EUROPEAN SOCIALISM SINCE WORLD WAR I

By

Pub Date: June 9th, 1971
Publisher: Quadrangle

These 25 New York Times dispatches and Sunday Magazine articles about European social democrats offer more of a commentary on the Times than the times. They range from Paul Warburg's 1920 interpretation of the German Social Democracy as the force of ""constructive labor"" against ""confiscatory and destructive Bolshevism"" through essays on British Labour governments, the Spanish Civil War, and the 1936 popular front government in France, with encomia lavished on Ramsay MacDonald, Leon Blum, Kurt Schumacher and Willy Brandt, Guy Mollet and veteran Pietro Nenni. The book's title is very misleading: Greene excludes all communist and left-socialist leaders and organizations, in or out of parliament, covering only anti-communist social democrats. Having thus limited his purview, he observes that ""socialism in power means socialists without the will or the power to take large strides toward socialism."" This fact delights the contributors, as in a 1929 piece reassuring Times readers that Britain's new Prime Minister is a reformer, not a Red, or Sidney Hook's 1960 disclosure that social democrats have abandoned all Marxist pretensions.

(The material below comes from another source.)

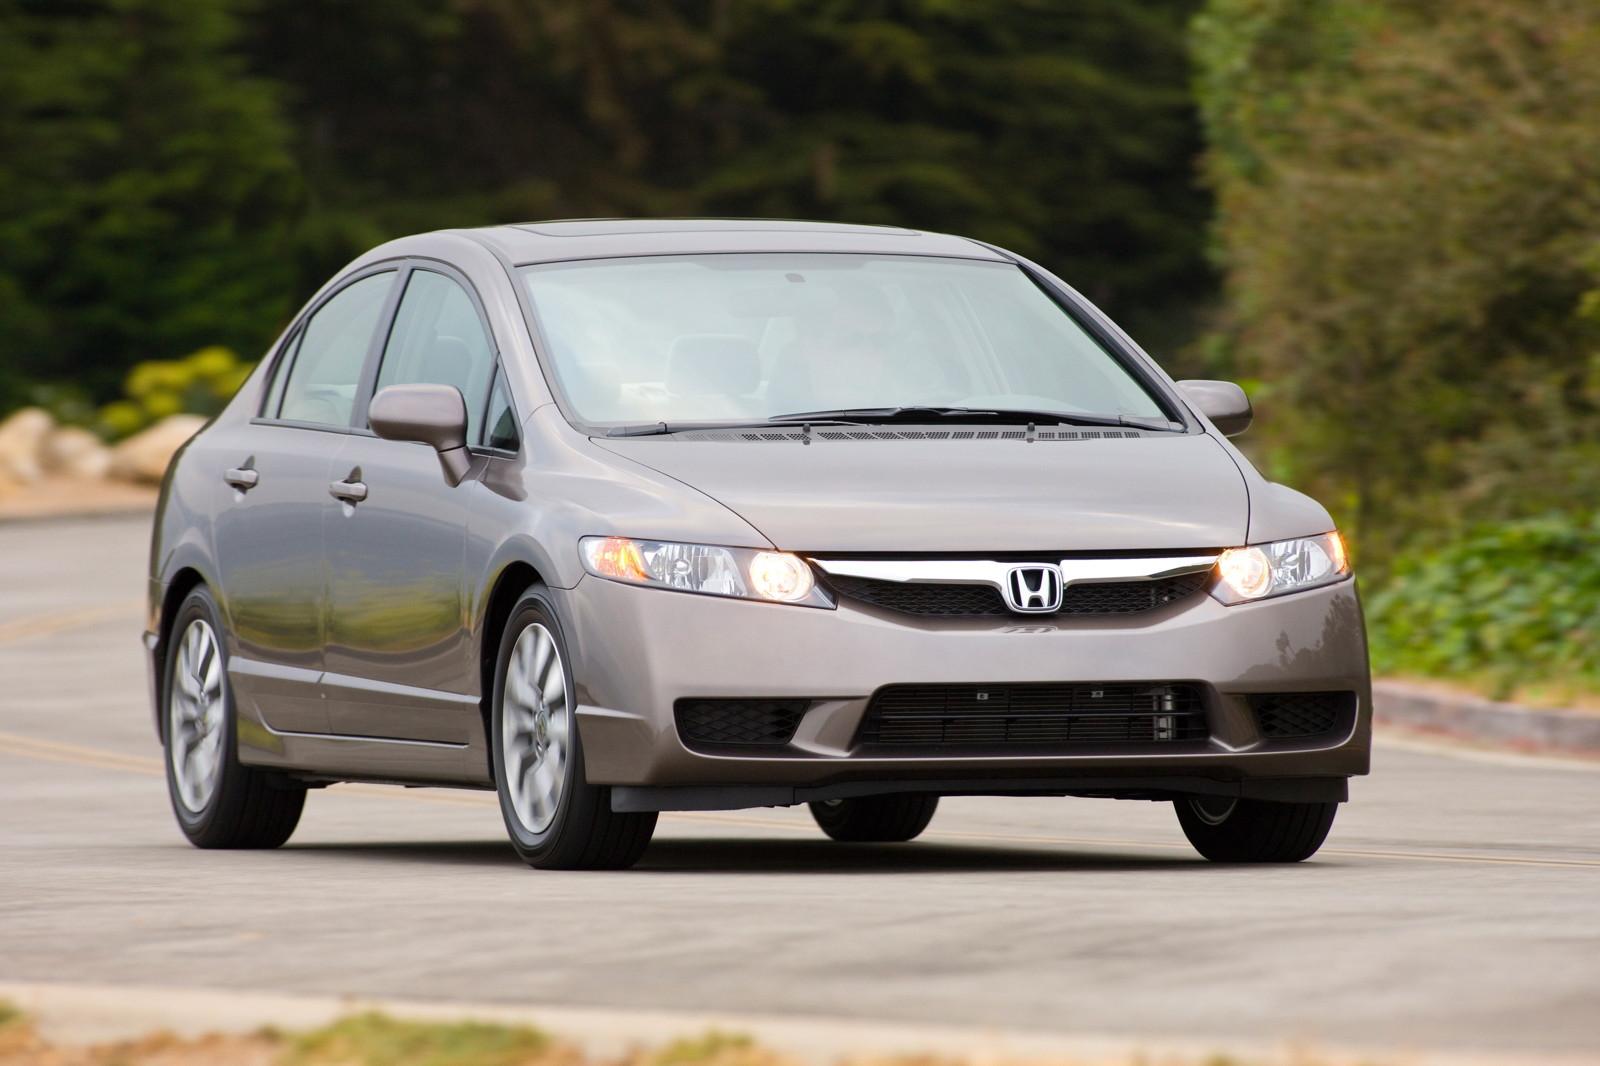 Honda honda civic 2003 hybrid : 2012 Honda Civic Ultimate Guide: Reviews, Gas Mileage, Videos

One excellent essay is Herbert Matthews' 1936 survey of Spanish socialist movements. More representative are a 1920 dispatch from Italy deeming the fascisti a force for law and order though deploring their belief that ""they have to murder every agitator in Italy to get it,"" while a decade later a Times correspondent expresses puzzlement over the ""educated classes'"" abandonment of the Weimar Republic which he believes to be restoring the life-styles of both middle and lower classes. Highly marginal for general readers in history, the book may draw students of journalism and propaganda.